= INPUT FOR THIS TASK =
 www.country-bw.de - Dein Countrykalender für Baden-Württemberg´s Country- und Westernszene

==

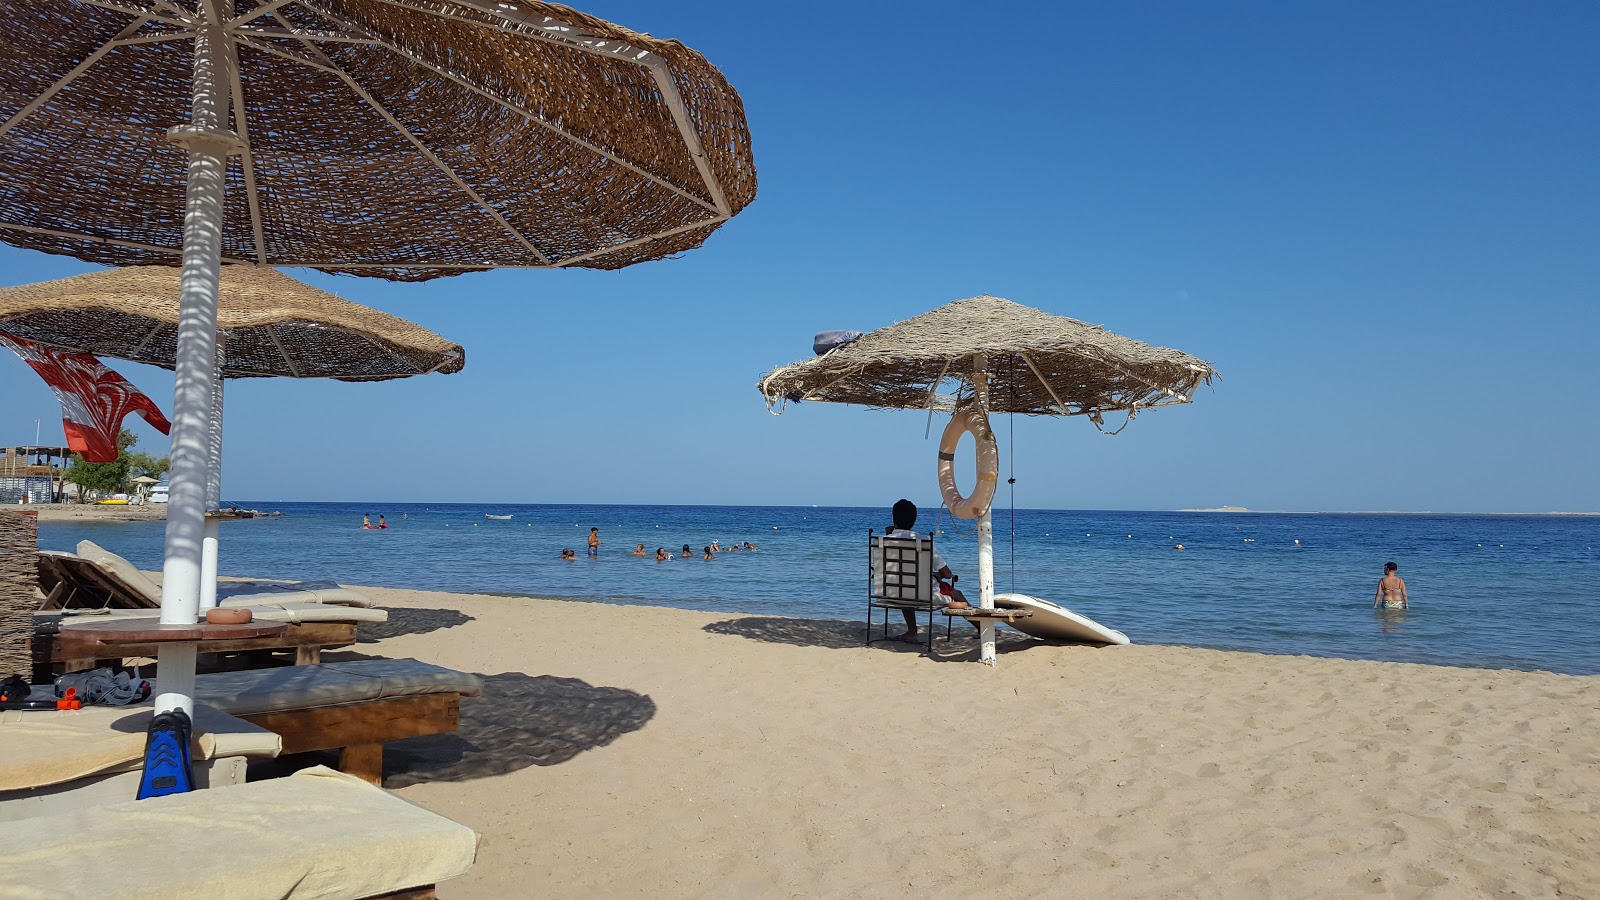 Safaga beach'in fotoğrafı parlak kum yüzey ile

---

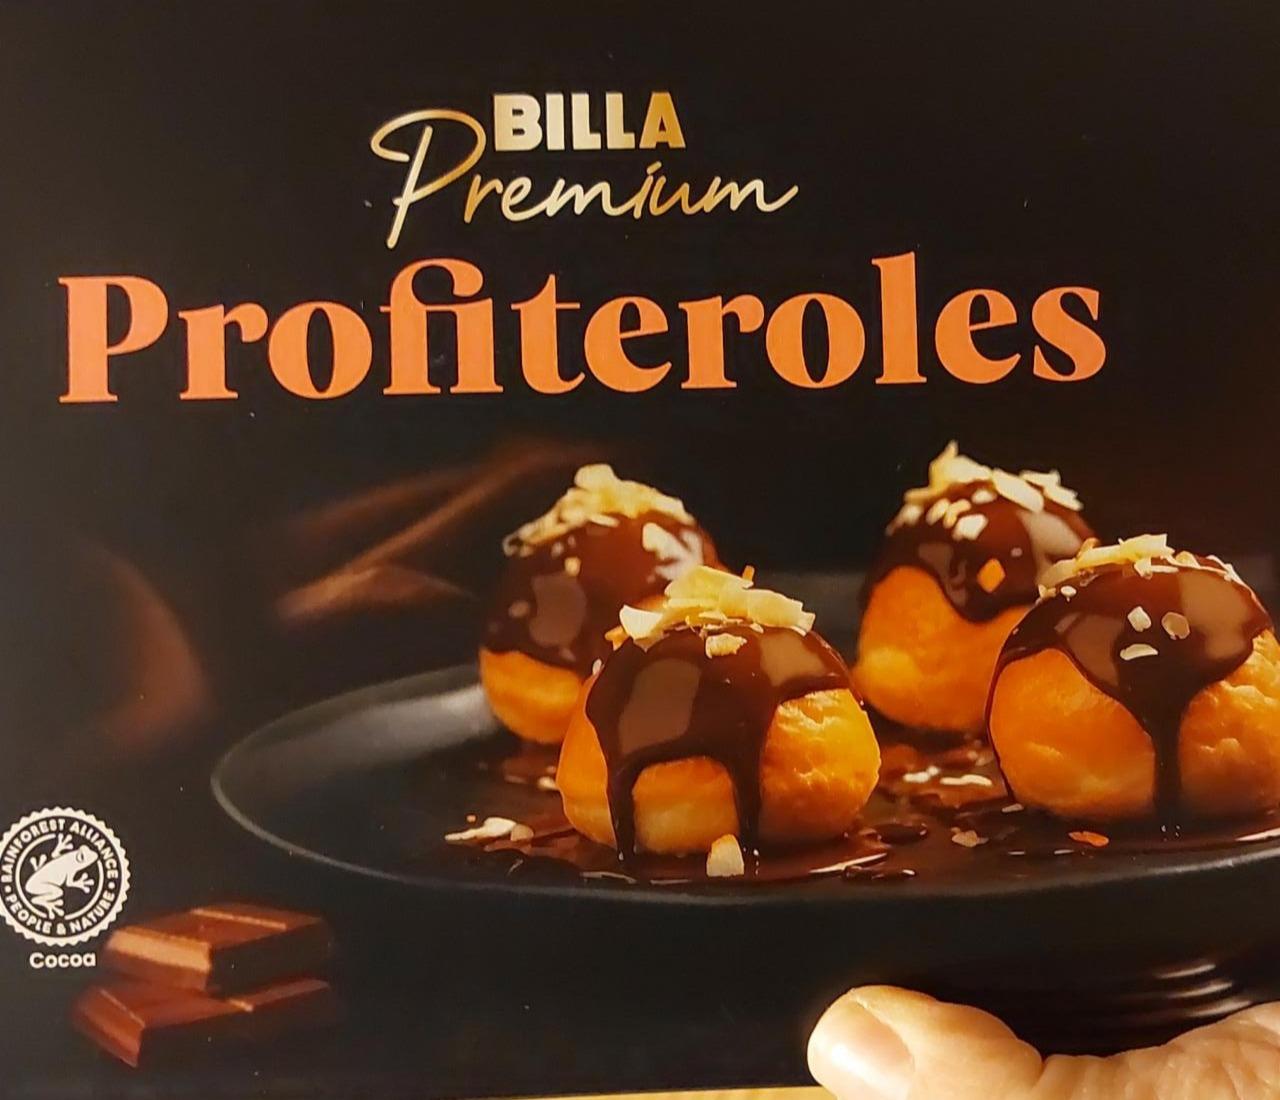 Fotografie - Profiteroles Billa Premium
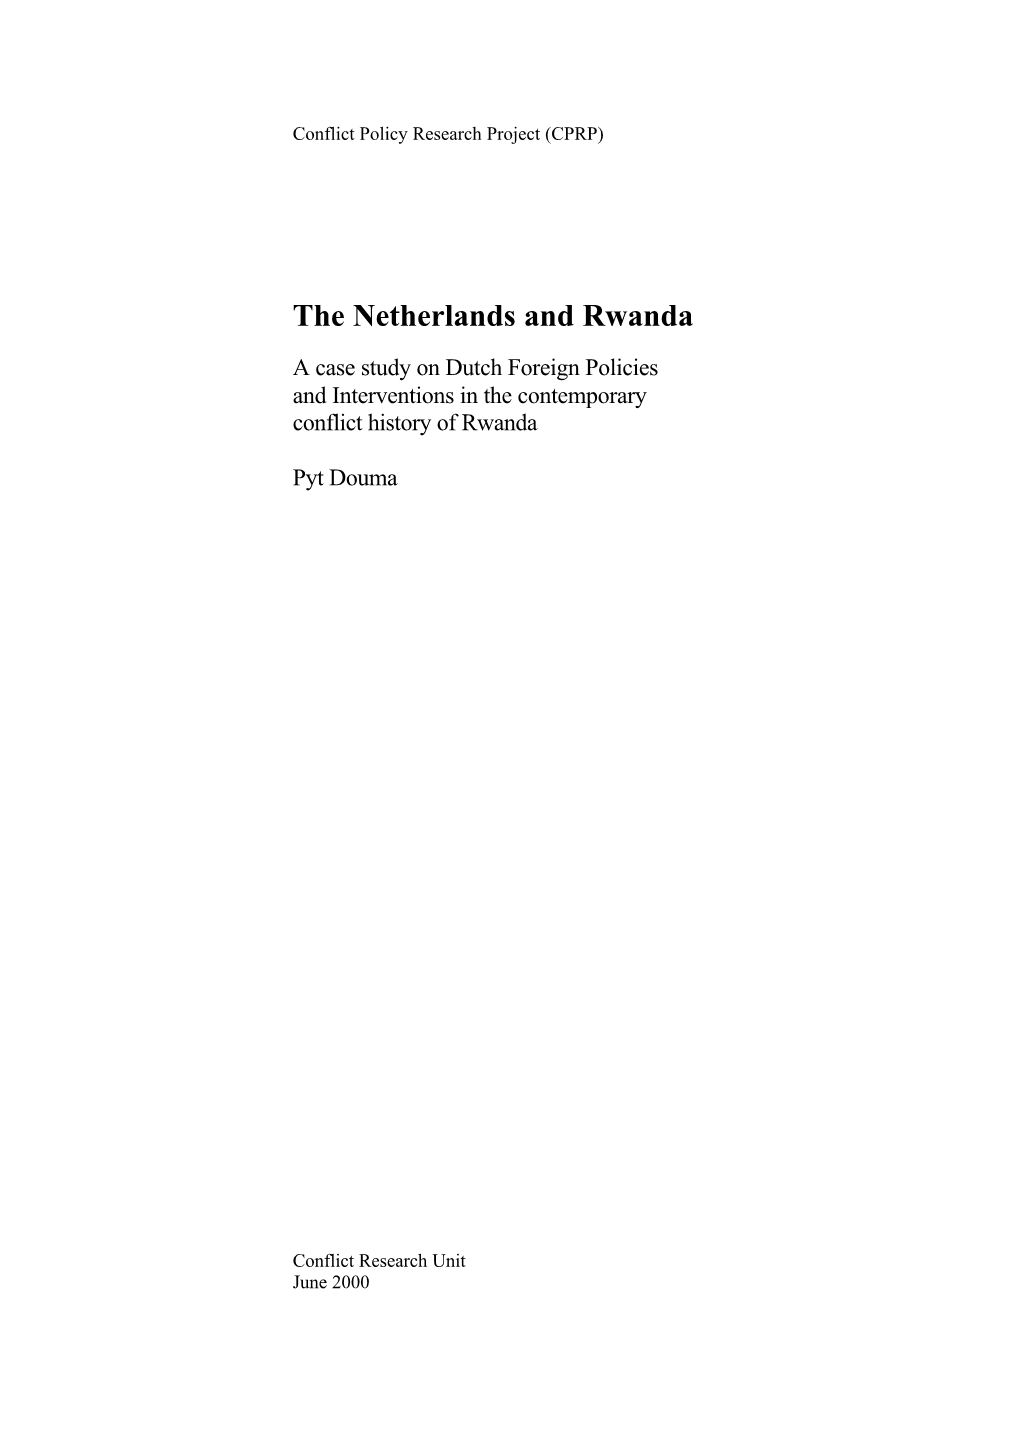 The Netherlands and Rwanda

= EXERCISE INSTRUCTIONS =
From the records above, copy only the lines running from the line containing "Fotografie - Profiteroles Billa Premium" to the line containing "The Netherlands and Rwanda", both ends included. Leave the pictures out.

= ANSWER FOR THE TASK =
 Fotografie - Profiteroles Billa Premium
 The Netherlands and Rwanda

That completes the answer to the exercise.